• _Dataset excerpt_
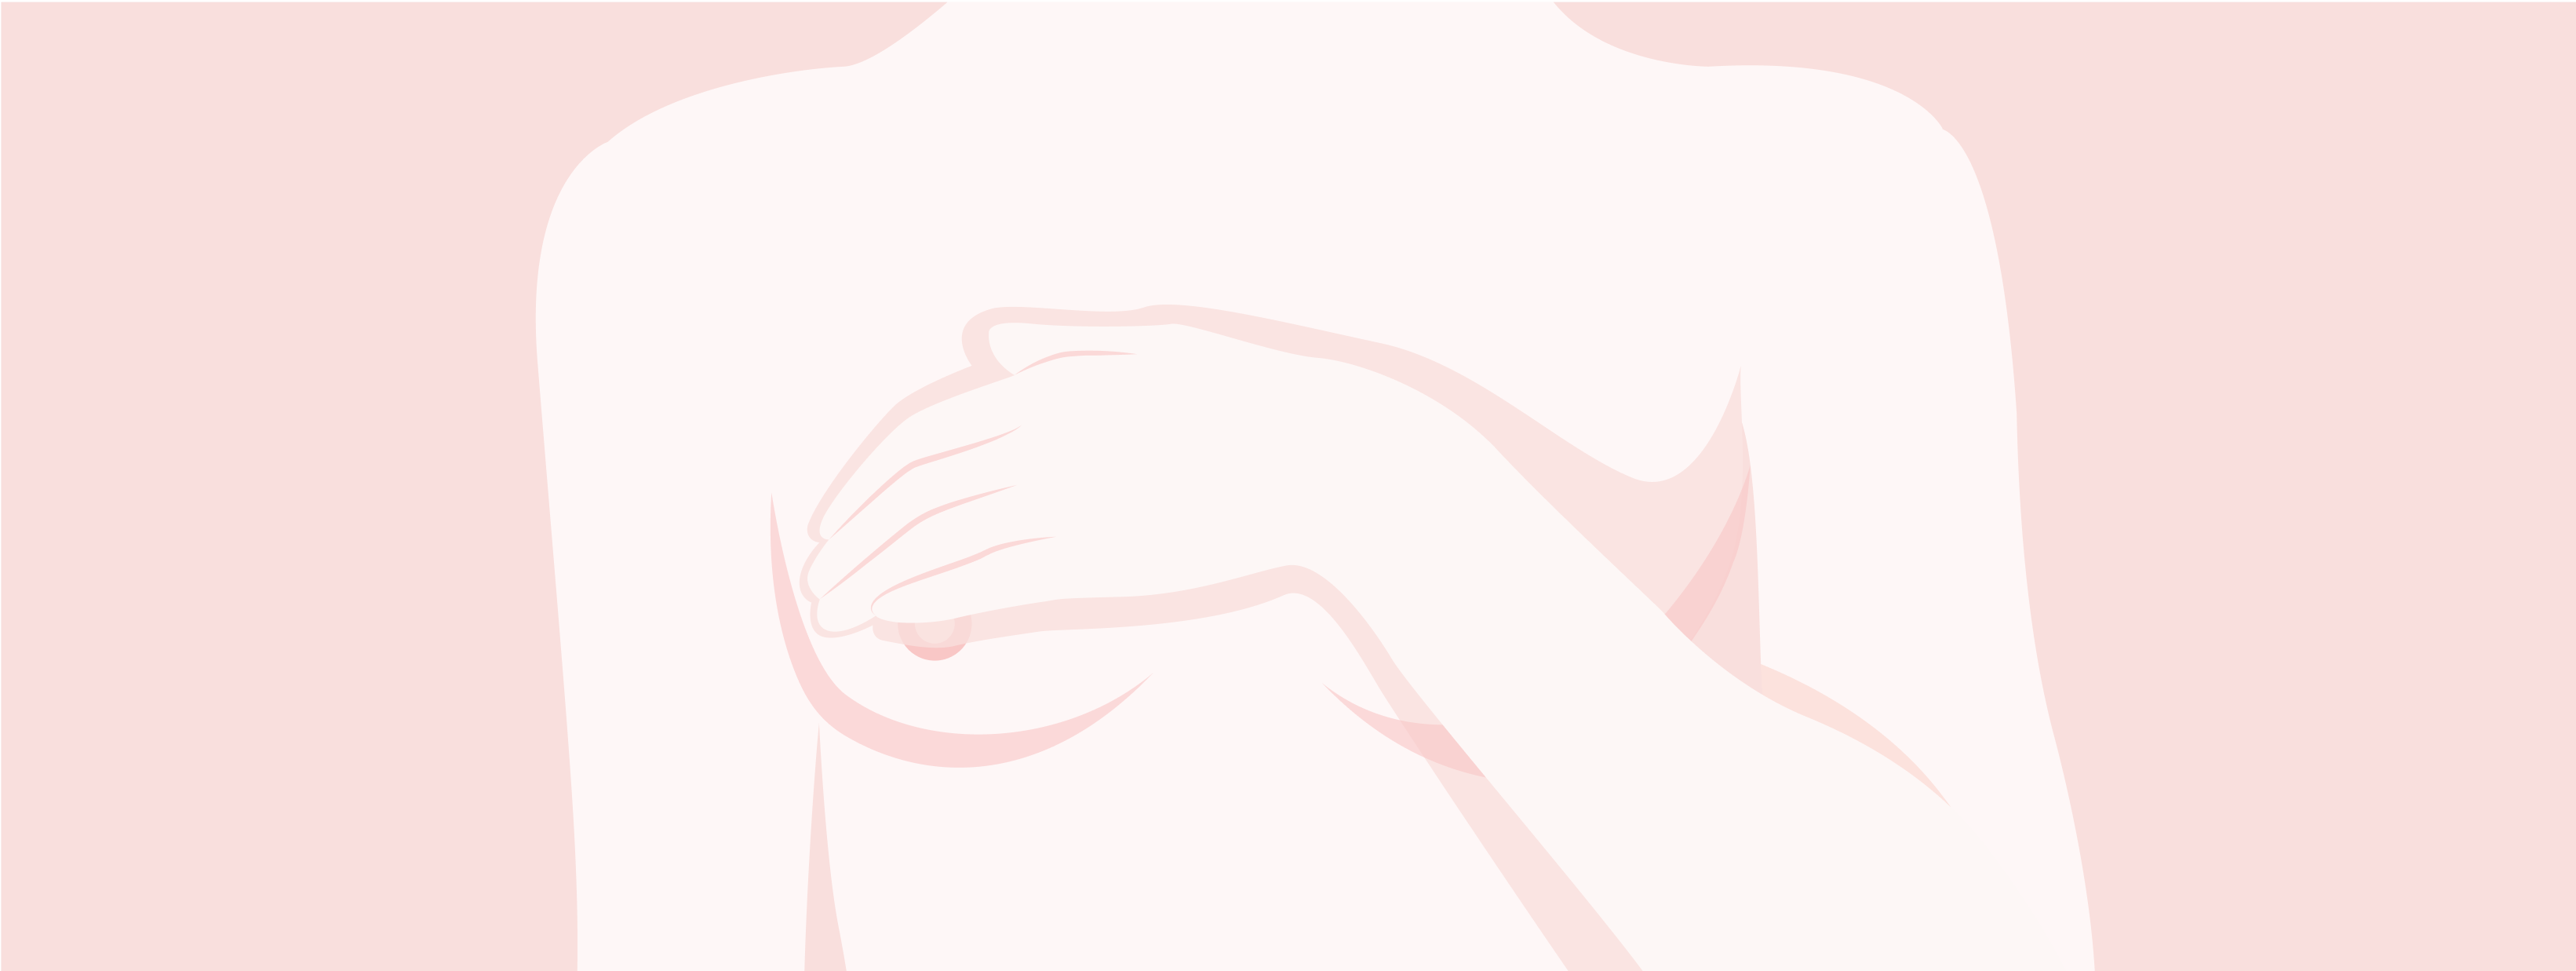 Illustrazione della parte superiore del corpo femminile con la scritta TNBC. La donna si tiene una mano sul seno.
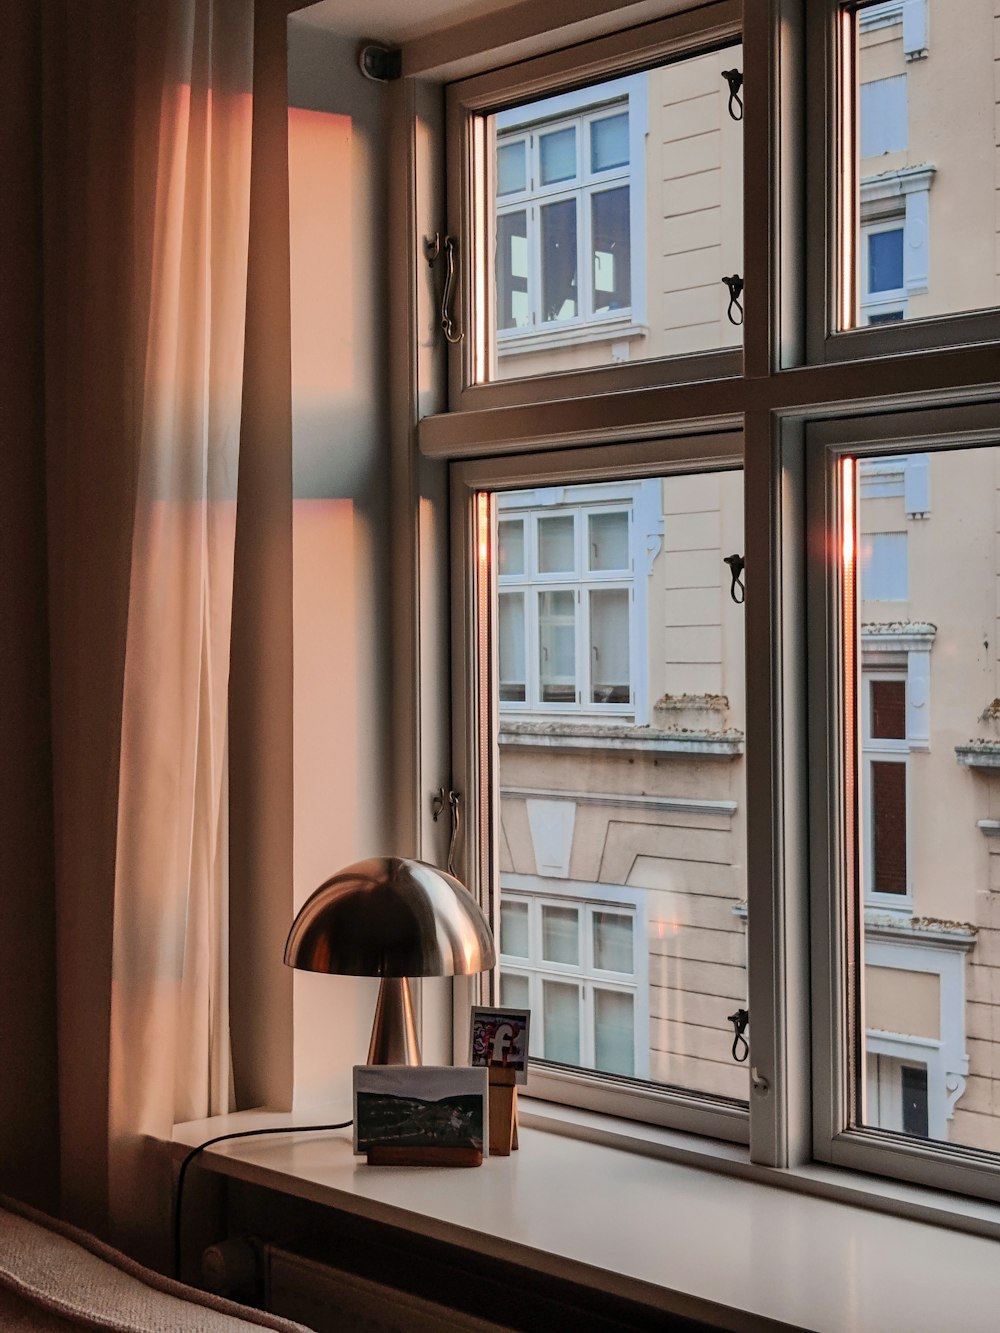 Foto zum Thema Eine lampe, die auf einem fensterbrett neben einem fenster  sitzt – Kostenloses Bild zu Fenster auf Unsplash
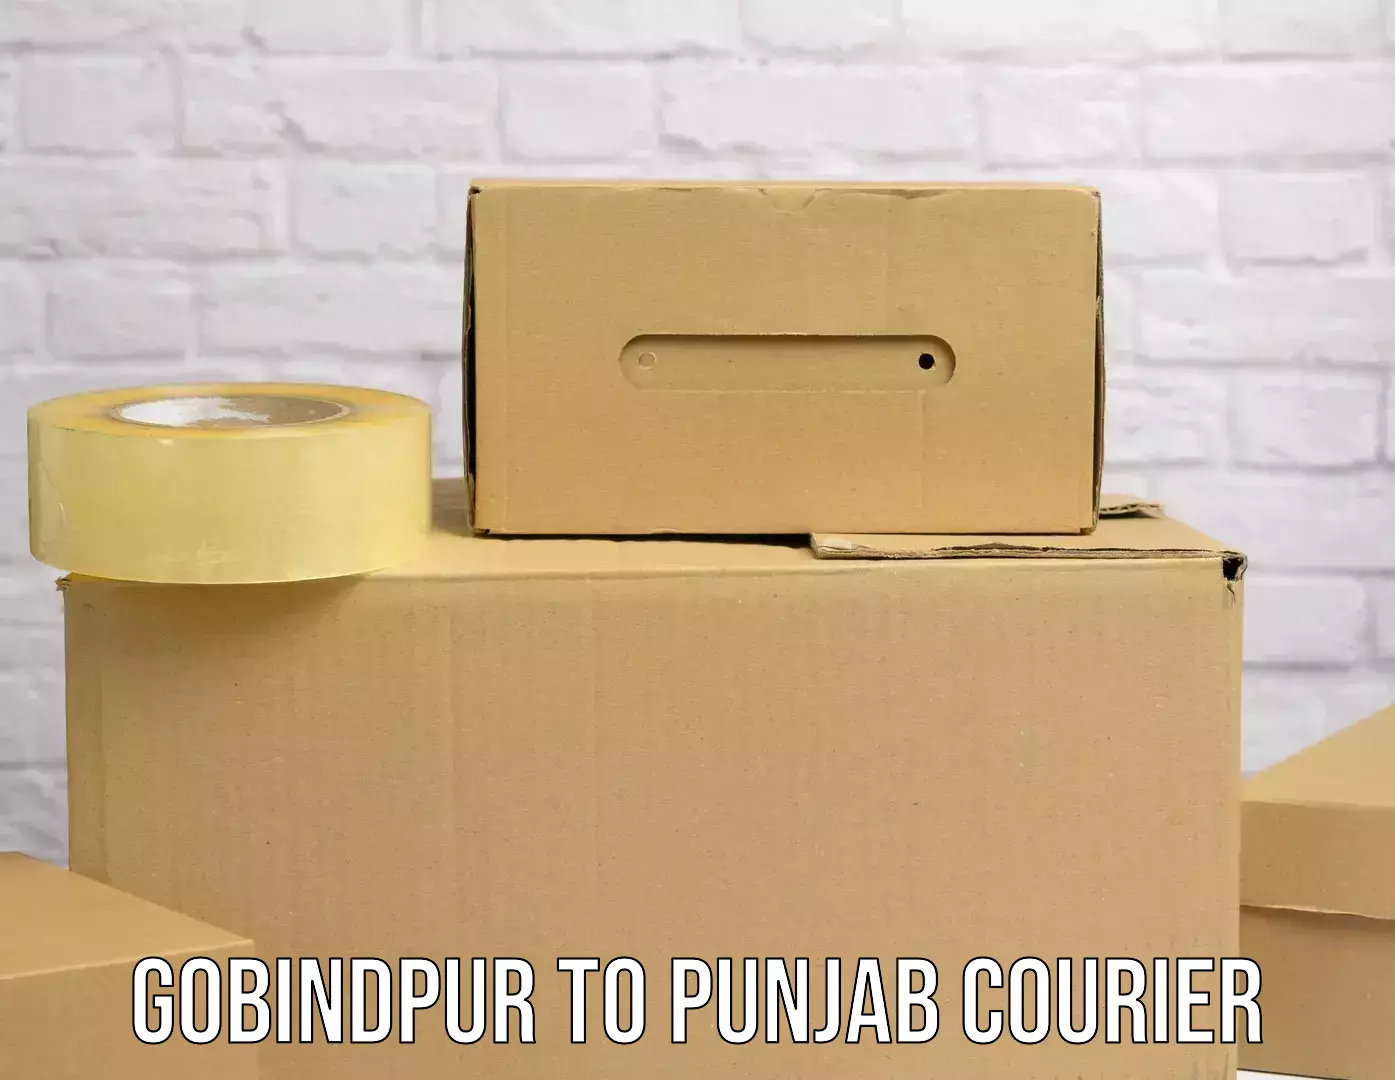 Secure packaging in Gobindpur to Jhunir
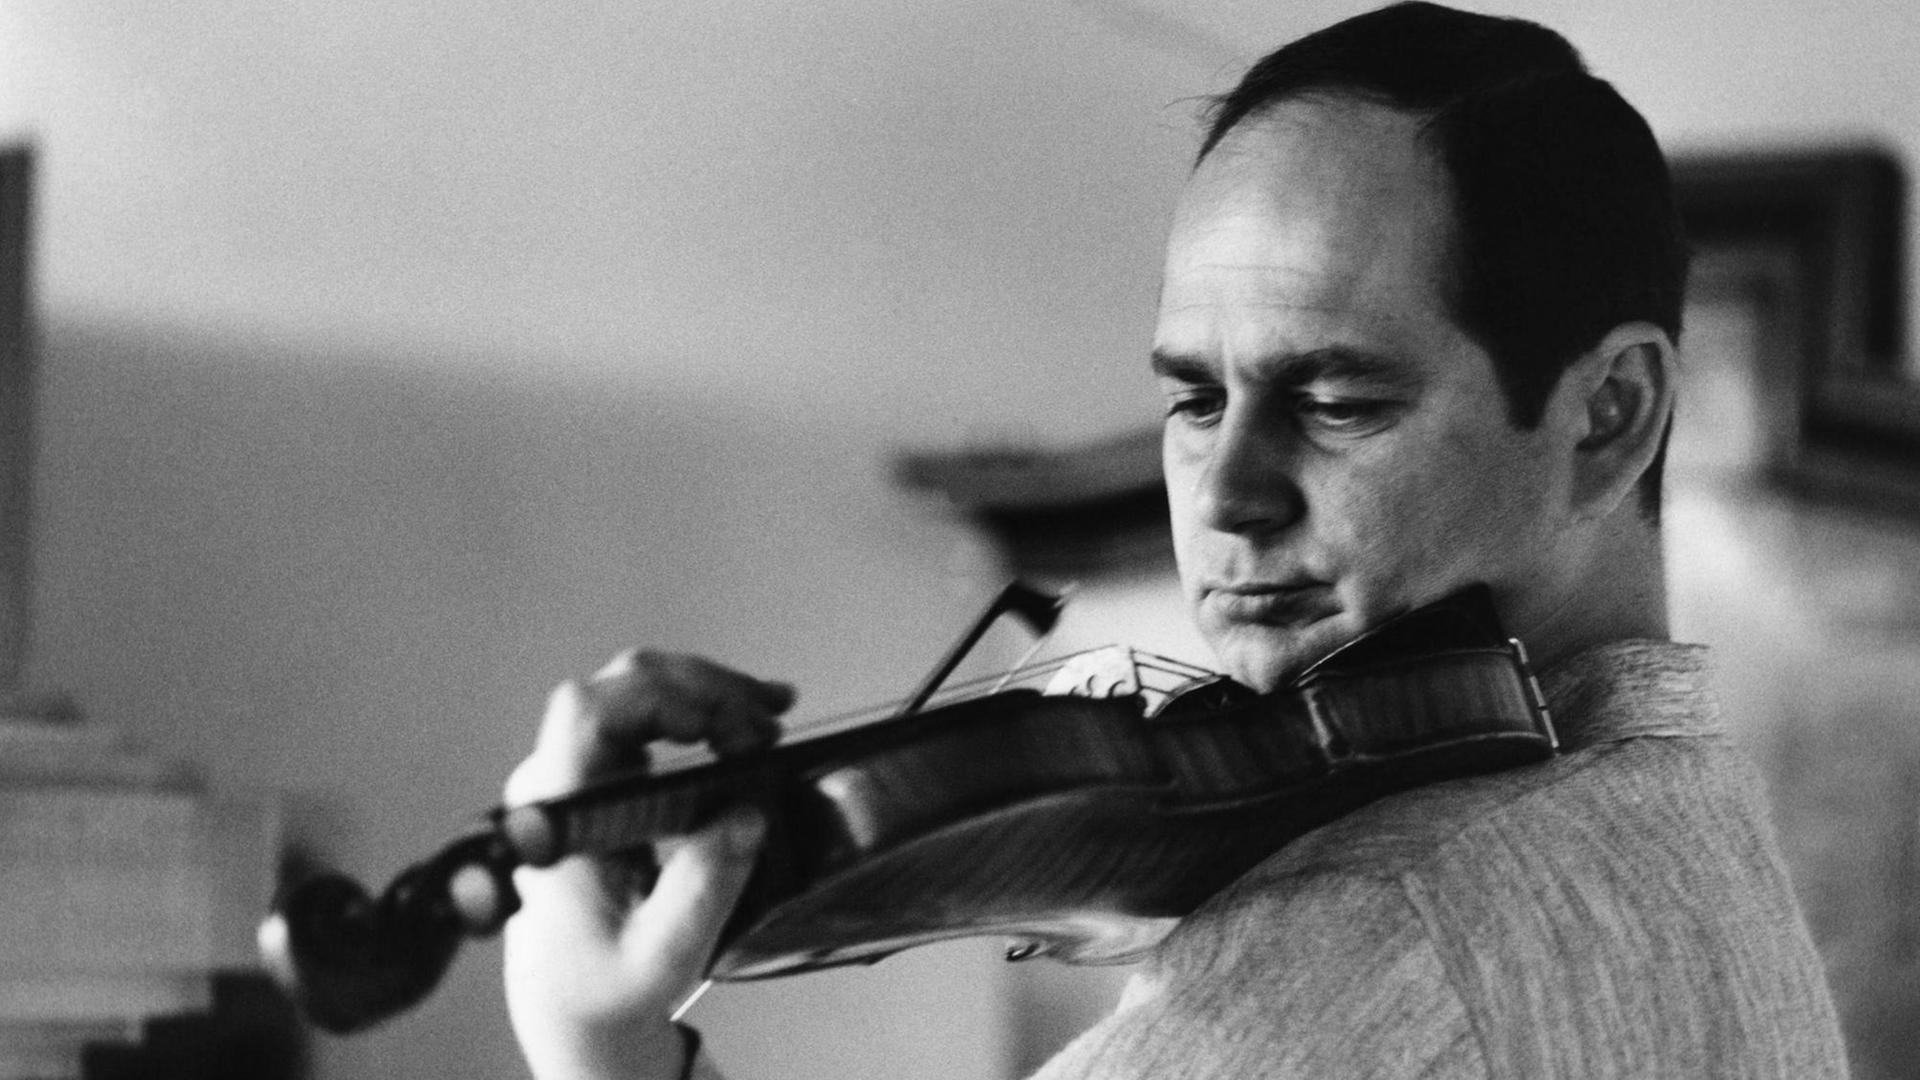 schwarz-weiss-Foto mit Saschko Gawriloff, er spielt Geige und trägt einen hellen, melierten Pullover, er schaut auf das Griffbrett

• _Instructions to follow_
Skip the pictures and write out exactly the lines from the line containing "Secure packaging in Gobindpur to Jhunir" through the end of the listing above.

• _Task answer_
 Secure packaging in Gobindpur to Jhunir
 schwarz-weiss-Foto mit Saschko Gawriloff, er spielt Geige und trägt einen hellen, melierten Pullover, er schaut auf das Griffbrett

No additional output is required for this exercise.